SMART-C in December, gone by Feb… that doesn’t sound like effective goal-setting in the first place. I’ve been there myself and from my experience, I can say there’s nothing wrong with the idea of setting goals in the first place. The SMART and SMART-C iterations are fine as well. But, when the entire operation goes belly up by February, the defenders of goal-setting try to pin the blame on your sense of commitment at some point. Then your sense of discipline gets called in. It becomes collateral damage. Your self-esteem pays the price. Come December, here’s an opportunity for a do-over. The business is cyclical. It keeps these professionals in business.

Therefore, it helps to be reminded of the needed to set goals from time to time, as I was just now while reading Prakash Iyer’s ‘The Habit of Winning’, which happens to be my Secret Santa gift by the way. He puts it simply:

‘It takes just three steps.

Step one: Write down your goals.

Step two: Make a commitment to action, to doing what it takes.

Step three: Take the first step. Today!’

That’s it. And that’s all. Easy-peasy apple squeezy, like my kindergarten-going kiddo says. If you remind him it’s lemon-squeezy and not apple-squeezy, he says he’d like to squeeze apples instead. Then you stop and think, yeah, let’s squeeze apples as easily as we squeeze lemons. wow. There’s something there. But we’re distracting ourselves.
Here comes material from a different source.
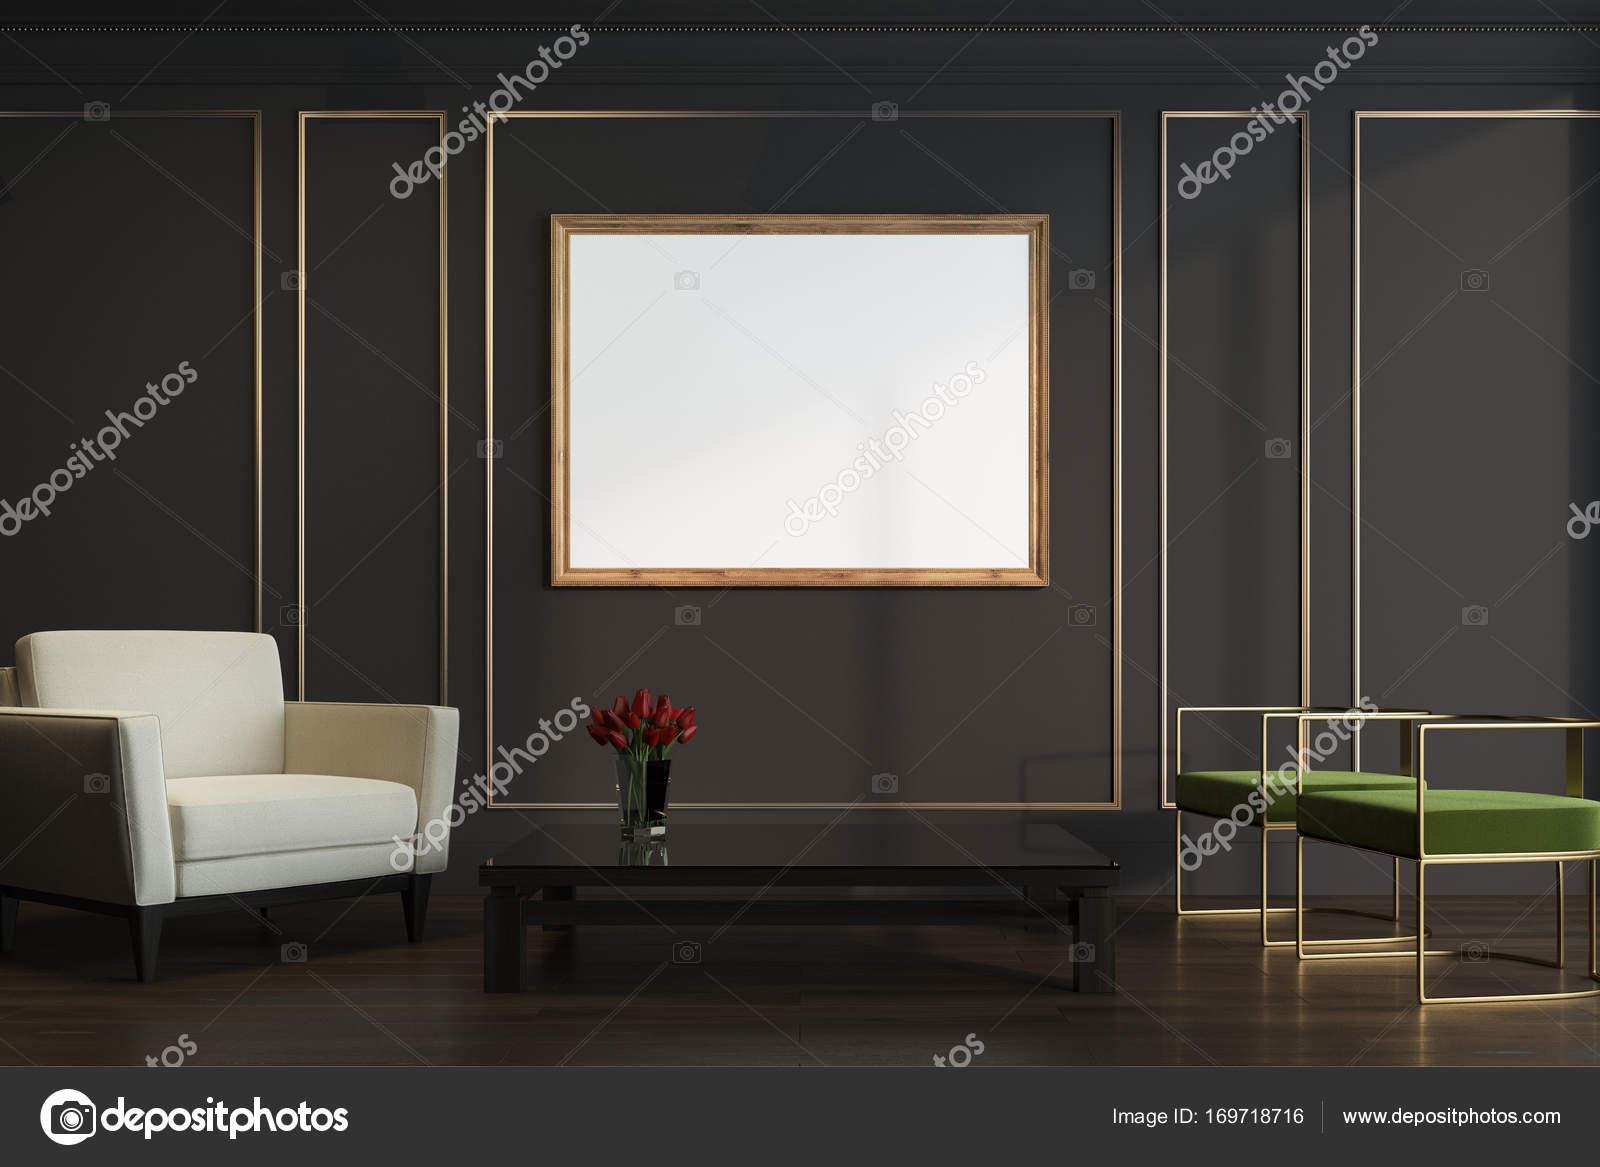 Schwarz Und Gold, Wohnzimmer, Sessel, Plakat U2014 Stockfoto

Prakash’s reminder to set goals is very welcome. But, its portrayed simplicity misrepresents the level of complexity involved. Most humans are like robots conditioned by their basic impulses and their upbringing. And if they weren’t exposed to the magic of delaying gratification, productive work, etc. their operant conditioning drives their entire life. Because if their operant conditioning allowed them, they’d be in Prakash Iyer’s place writing this book and teaching others about goal-setting.

Our yearnings indicate what we lack. And if we lack the clarity to set goals, asking people to set goals is not the step One. Iyer’s step one is far upstream of step 0, which is to look for clarity. That should be your goal 1. Clarity – what do you want to do and why. And what you do NOT want to do and why. Often times, it’s easier to define what you do NOT want to do, which then leads you to what you do want to do. That Clarity bestows a certain direction for you, which illuminates your purpose. Once this is done, you can define your goals, set them, adopt them, design them, and all that jazz. Easy-peasy.
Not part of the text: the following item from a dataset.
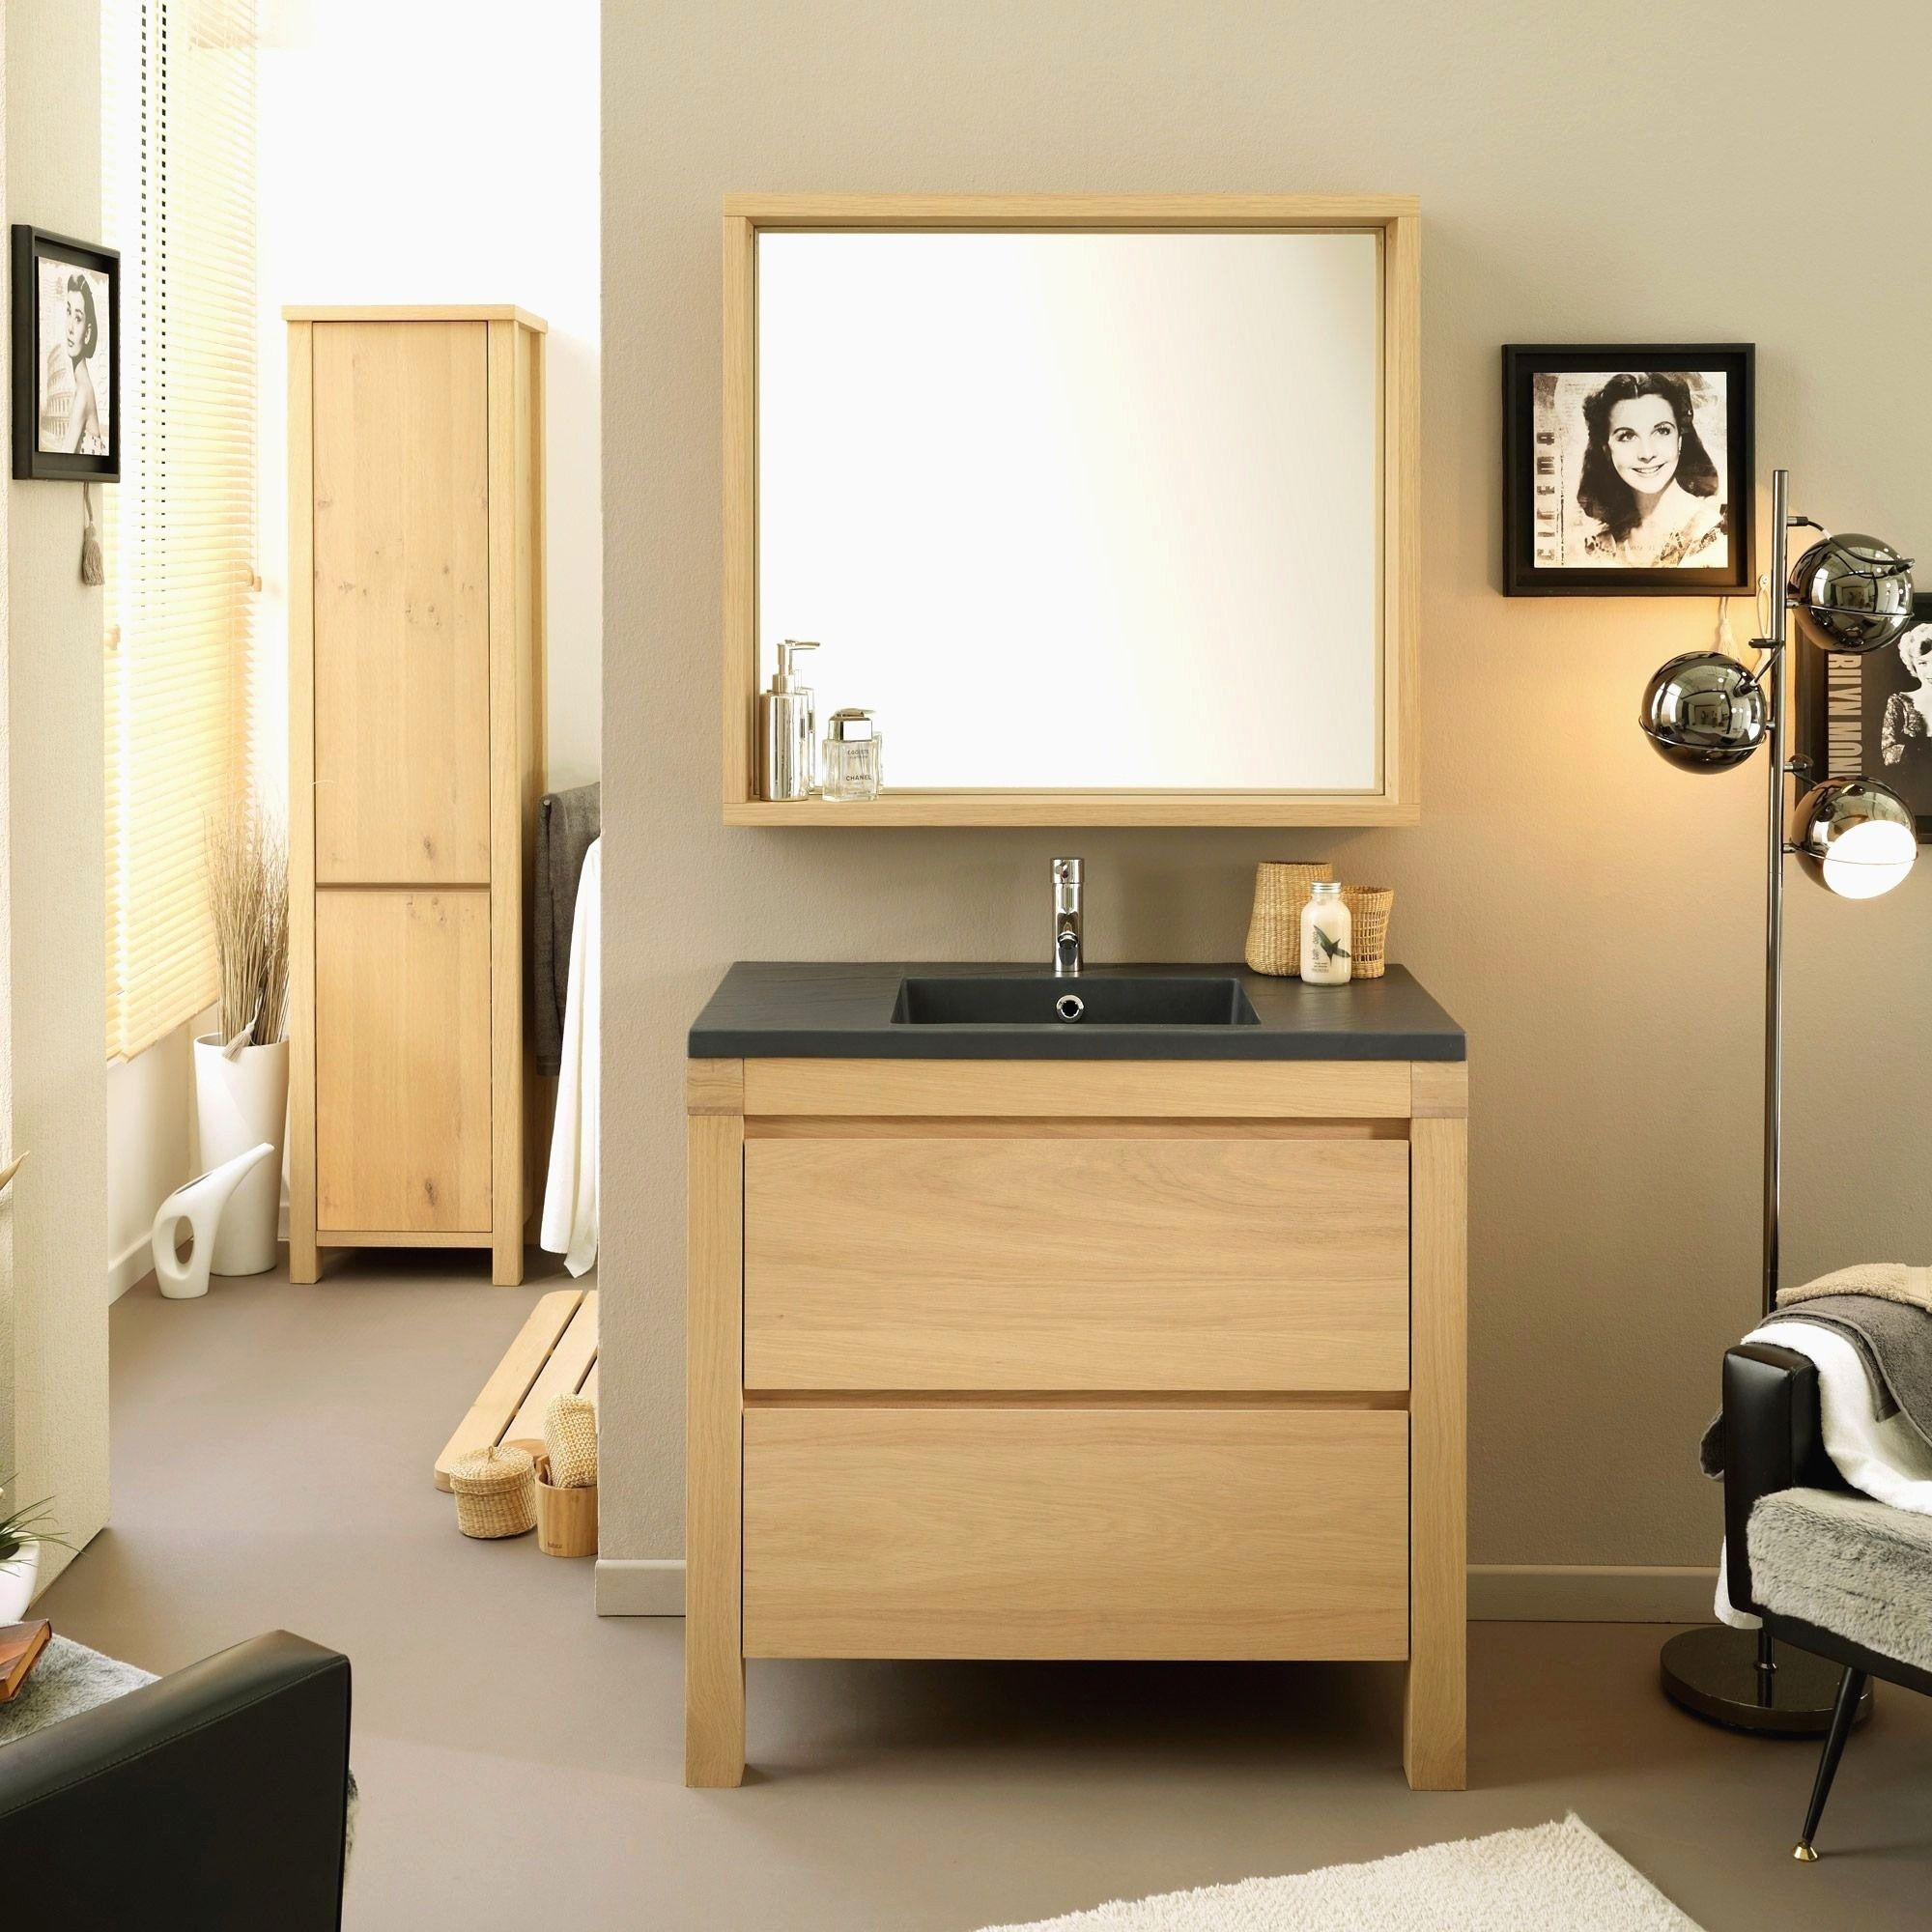 28 Elegant Rideau Autocollant Fenetre Castorama Pic Rideauautocollantfenetrecastorama Bathroom Vanity Storage Bathroom Vanity Trendy Bathroom

My realisation is that as people, we lack this clarity. We don’t know what we really want to do with ourselves. And most of this is the outcome of such operant conditioning. Which, again, leads you to a life where you keep hunting for goals while actually you should be looking for clarity. For one who is clear, goals become a scale. For one who isn’t, goals are obstacles that they try to pile higher and higher while failing through it all, looking back at the finishing line with regret. Sometimes even remorse.

I’ve seen that it’s usually the management guys that love to talk about goals and goal-setting. I think it’s intuitive for them because they assume that purpose and clarity are theirs to champion. That they’re the custodians of the purpose and clarity of the people they manage. And so, the only thing that remains for you to do is define and set your goals and spend your life trying to achieve them.
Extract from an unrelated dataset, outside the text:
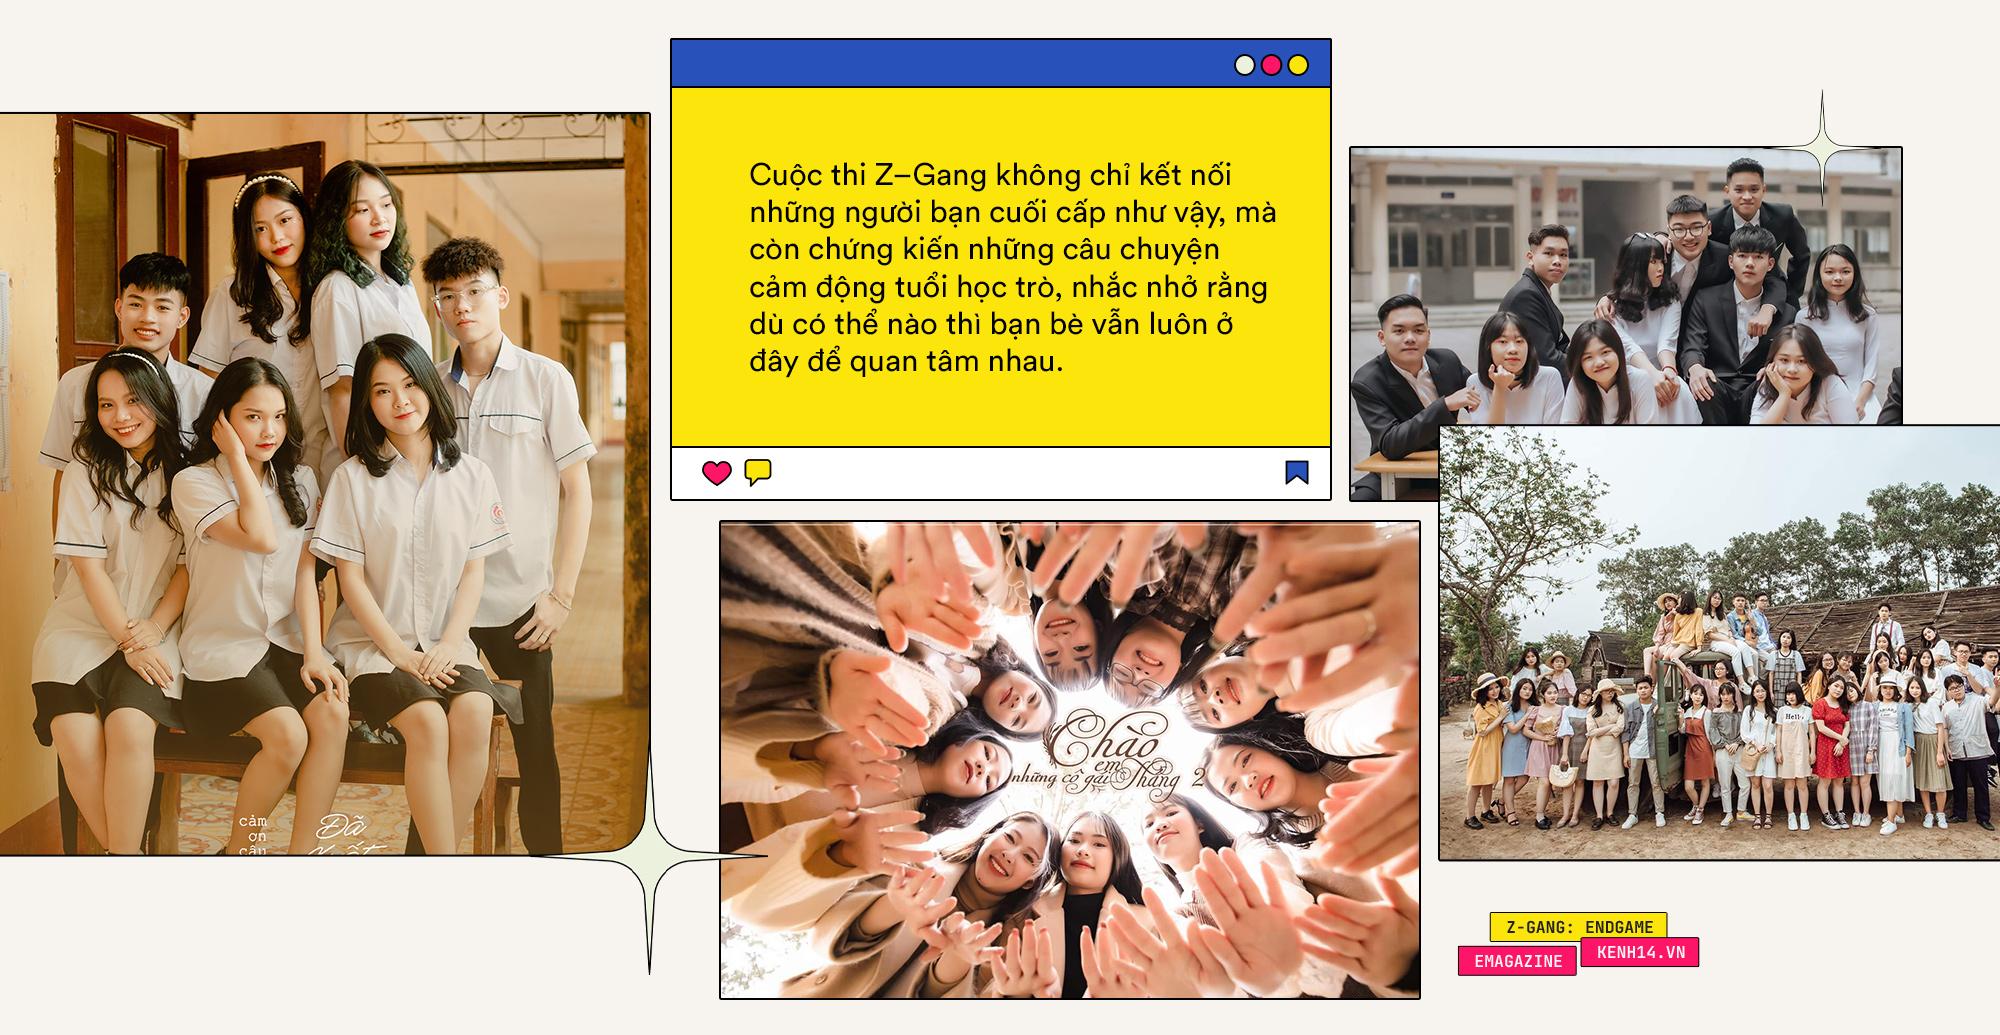 Kỷ yếu cuối cấp: Cách Gen Z nói lời tạm biệt trường lớp bằng những bộ ảnh thanh xuân đầy cảm xúc - Ảnh 11.

Almost like: “When I ask you to jump, you say “how high?”” Classic management speak. This is what creates the classic burnout and the quiet quitting and all its varieties.

But now, times are a changing. We’re less and less in thrall of managers. The big sharks are talking agency. They want us all to exercise their agency. We’re coming out of those discussions feeling like Rip van Winkle just woke up in a new world.